I recall from the kit back in the day that the bridge plate was inlet into the two lower X legs. I also recall asking about this on this very forum about a year later. The replies that I received pointed me in the direction of serviceability and the notion that at times bridge plates may have to be replaced....

These days as a partner is a very busy repair business I know all too well that bridge plates do at times need to be serviced, replaced, capped, etc.

Others told me back then that because bridge plates may need servicing inletting may not be a good idea. Later in life pro repair people told me the very same thing. These days as someone who has to remove and replace bridge plates at times I now know this to be a valid concern.

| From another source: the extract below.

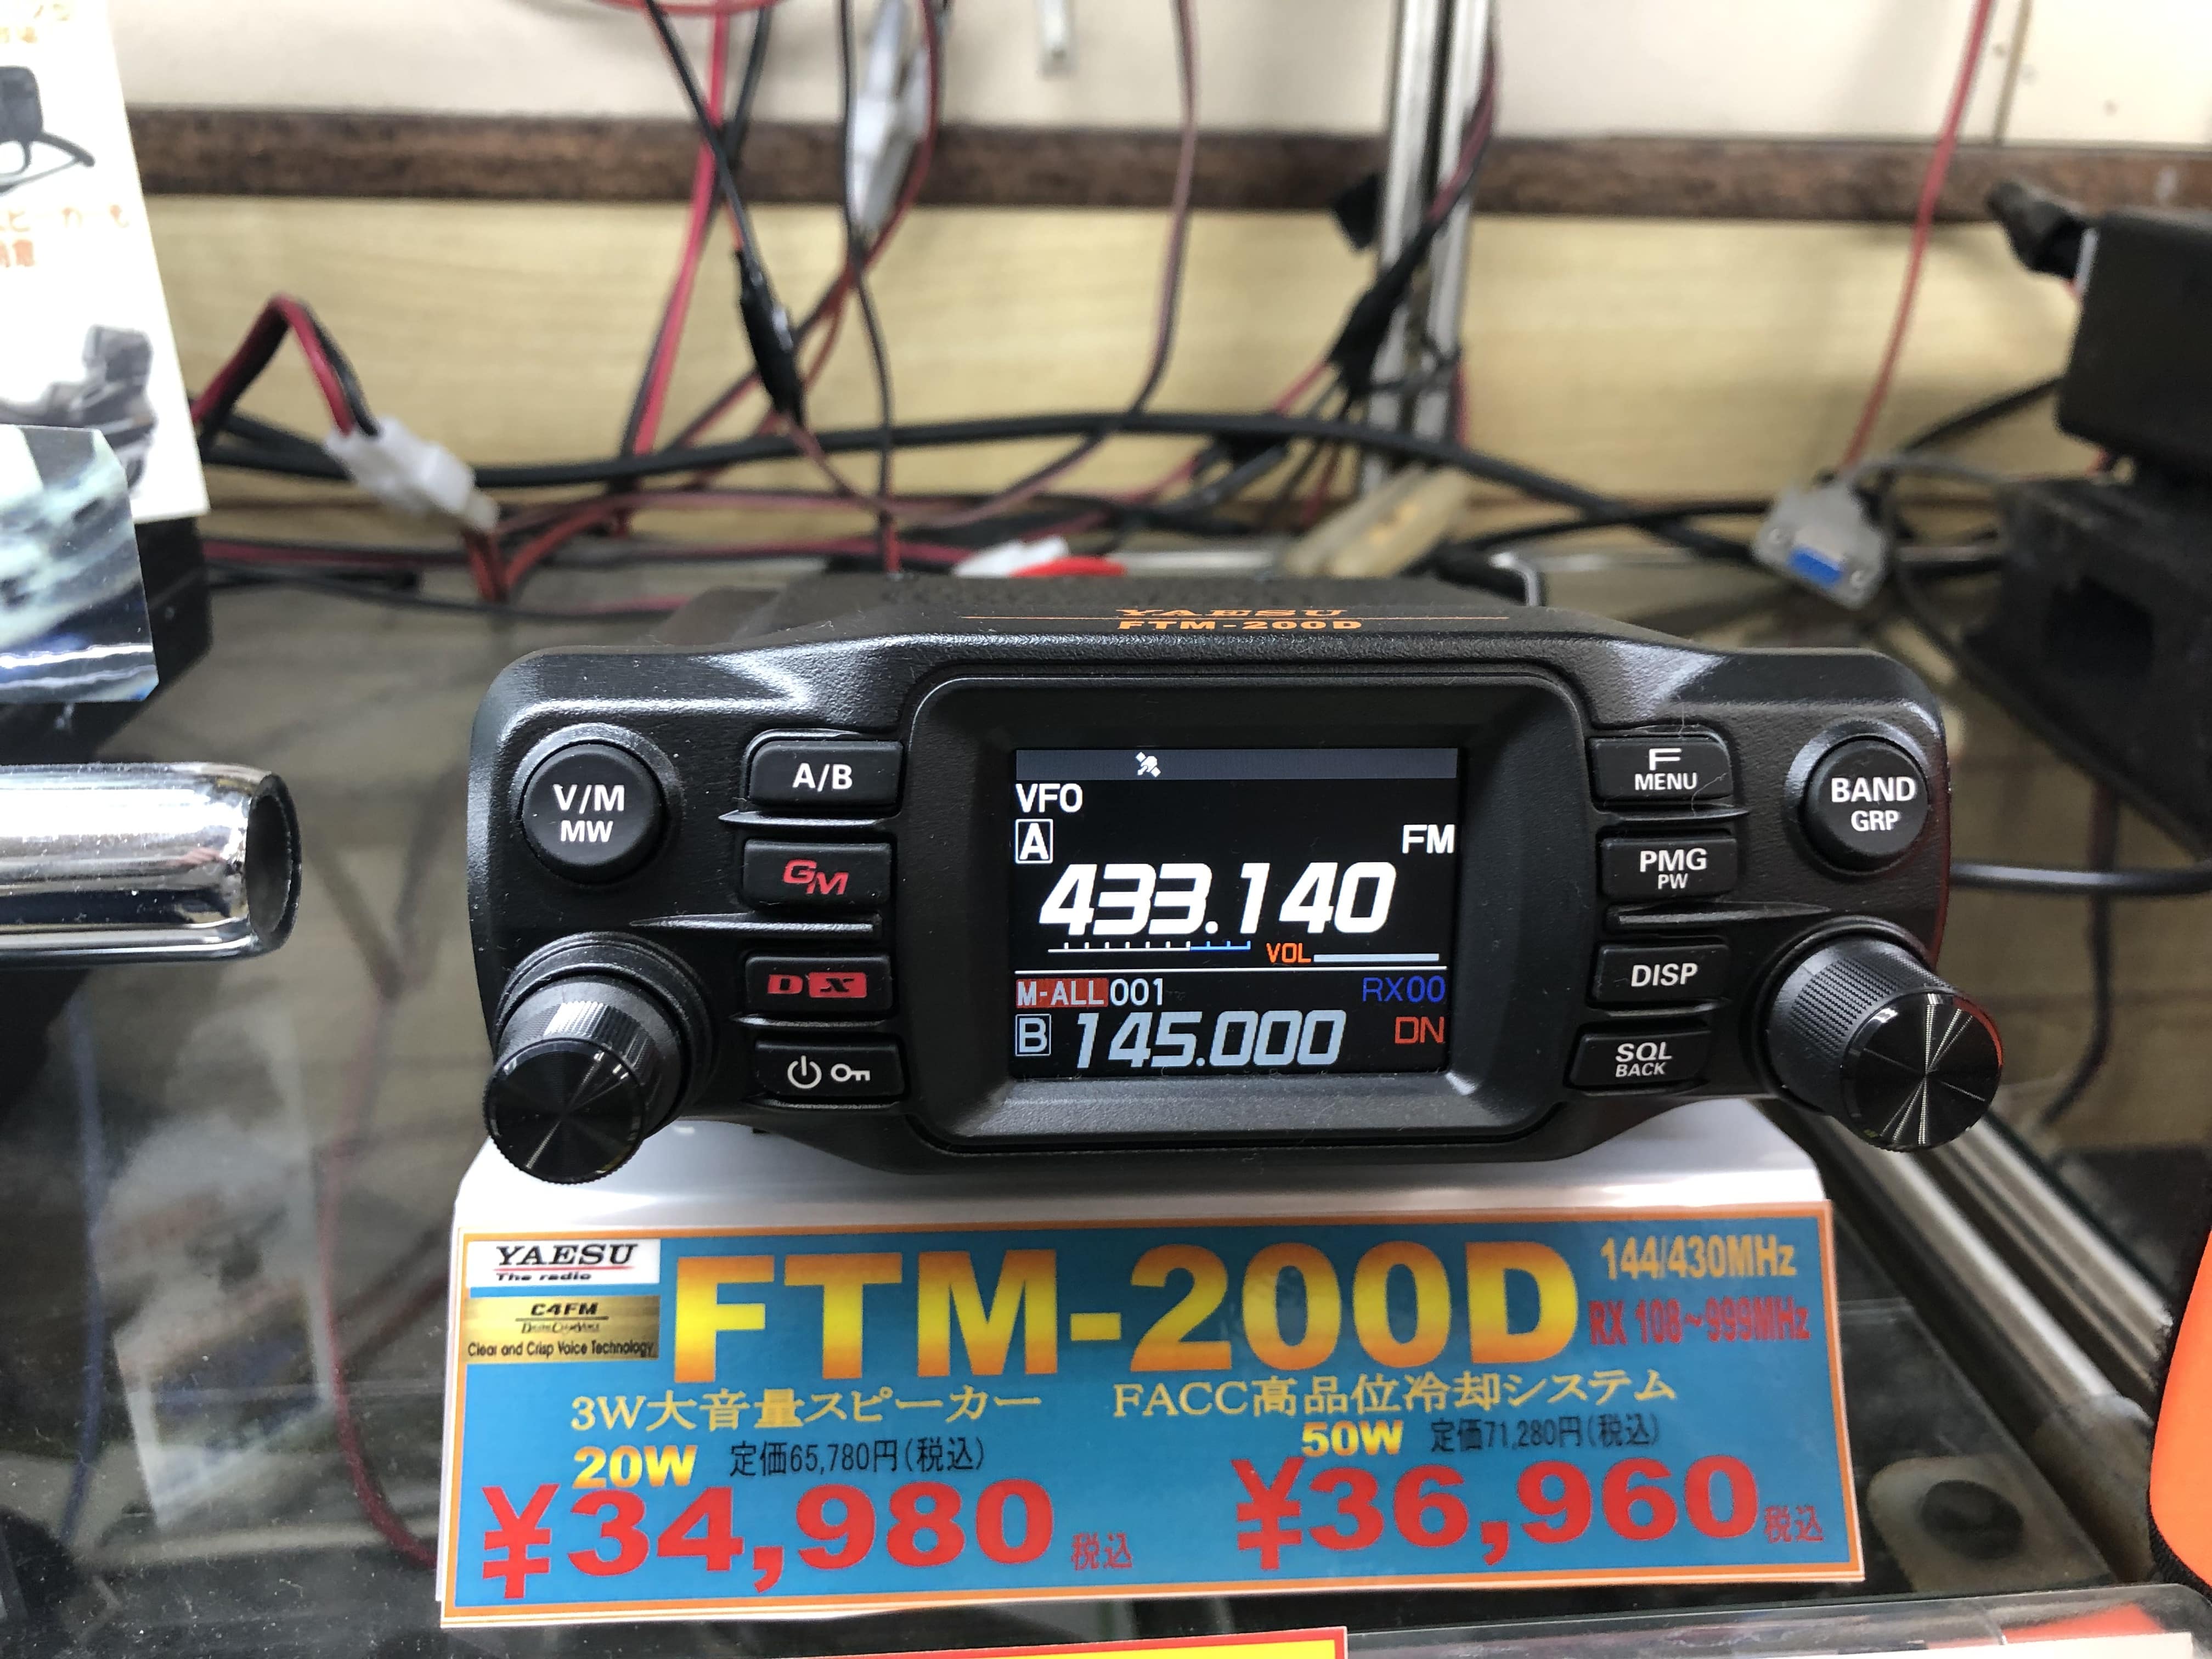 FTM-200DS （20Ｗタイプ） C4FM/FM 144/430MHz デュアルバンドデジタルトランシーバー 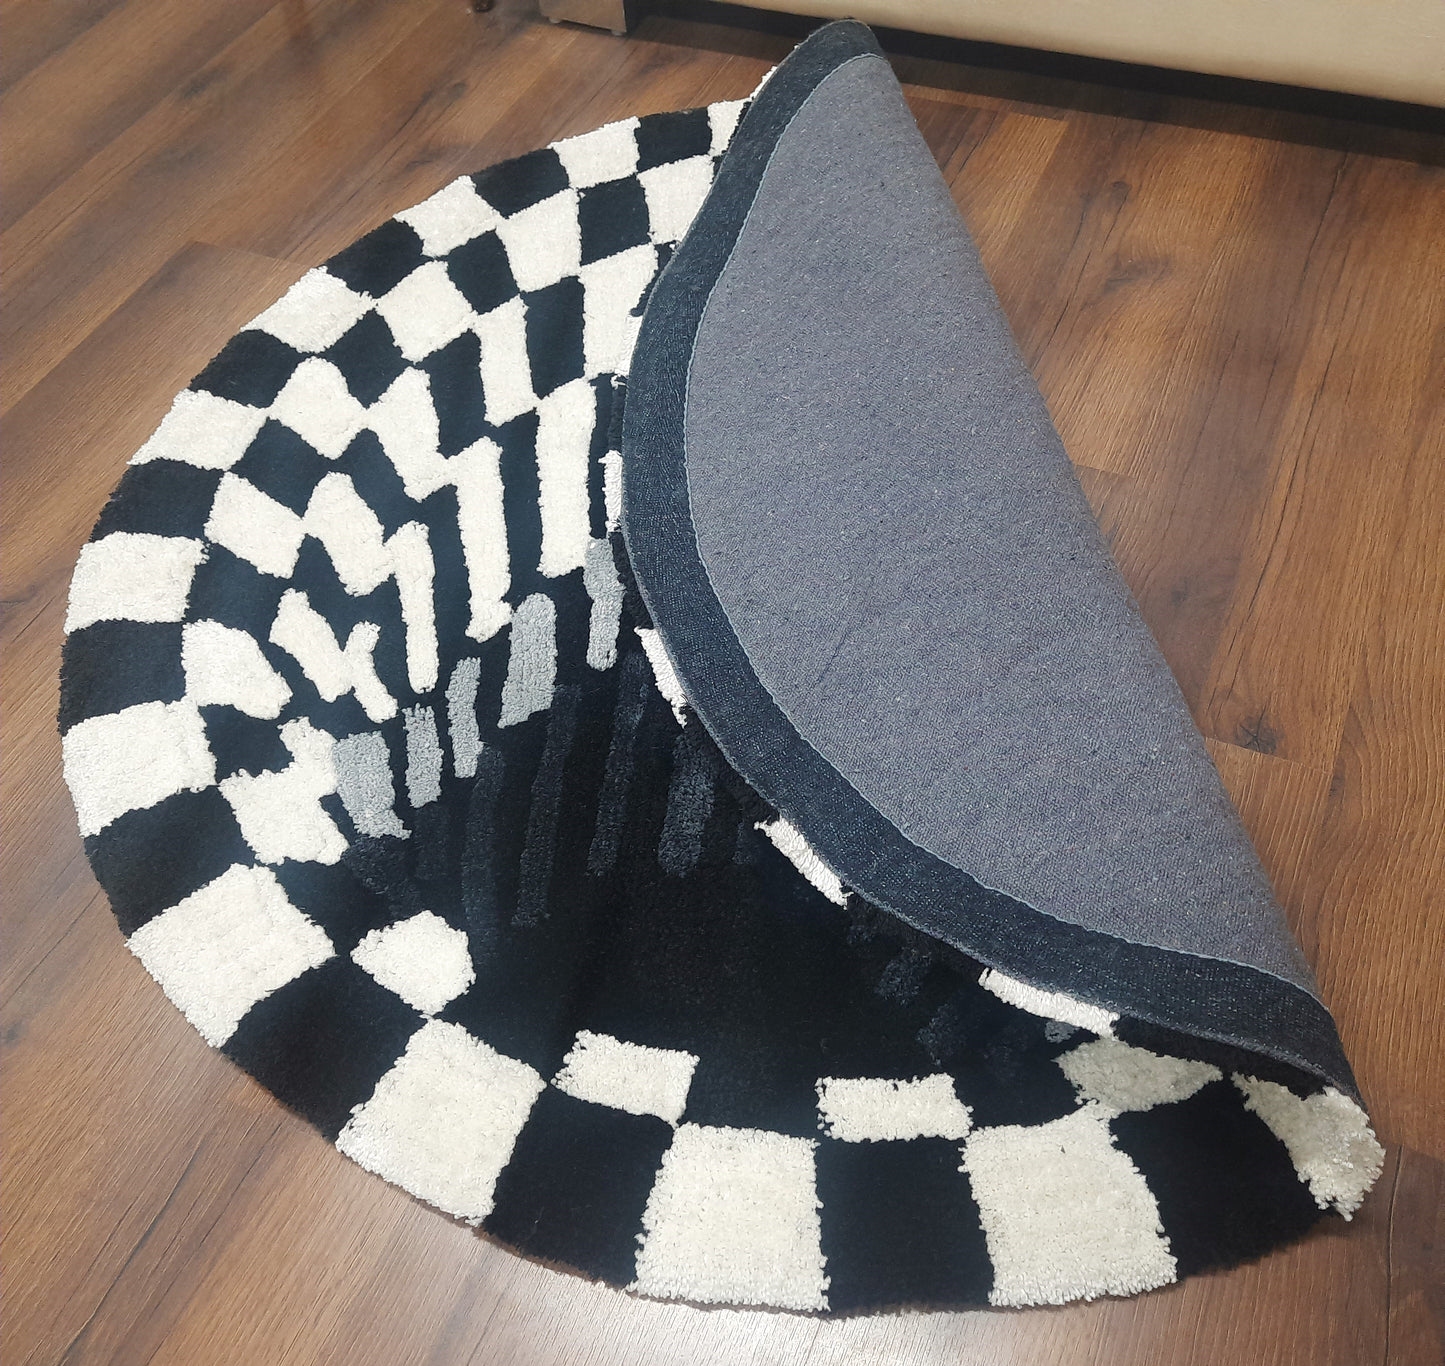 Avioni Home Vortex 3D Illusion Soft Plush Micro Yarn Round Carpet In Black & White| Soft, Non-Slip, Easy to Clean

Then along comes my introduction to Ervin Somogyi and my personal fascination with him as a Luthier as well as the superb instruments that he is best known for. When I got a peek at Ervin's bracing he was coupling some tone bars with the bridge plate. I again wondered if this might have serviceability implications in so much as the plate was now more difficult, not impossible mind you...., to remove.

Around this time someone introduced the notion that braces too can perform as meridians for vibration and that braces are not just another structural support.

Of course all along there were numerous glue threads..... where some proclaimed the superiority of HHG and liked it so very much that they may be seeking marriage equality with HHG these days.... We discussed the glass like, very hard nature of HHG and how some believed that it transmitted vibration better than say glues such as epoxy.... Dampening came into play and then along comes CF.... laminated braces.

Now no disrespect intended, ever, to Trevor and my hat's off to ya for your superb instruments AND the innovative approach that you have had based on science and engineering to guitar building. My entire life I was a technologist of sorts very nearly to the point of helping Al Gore invent the Internet (not really, it just came to mind...:)).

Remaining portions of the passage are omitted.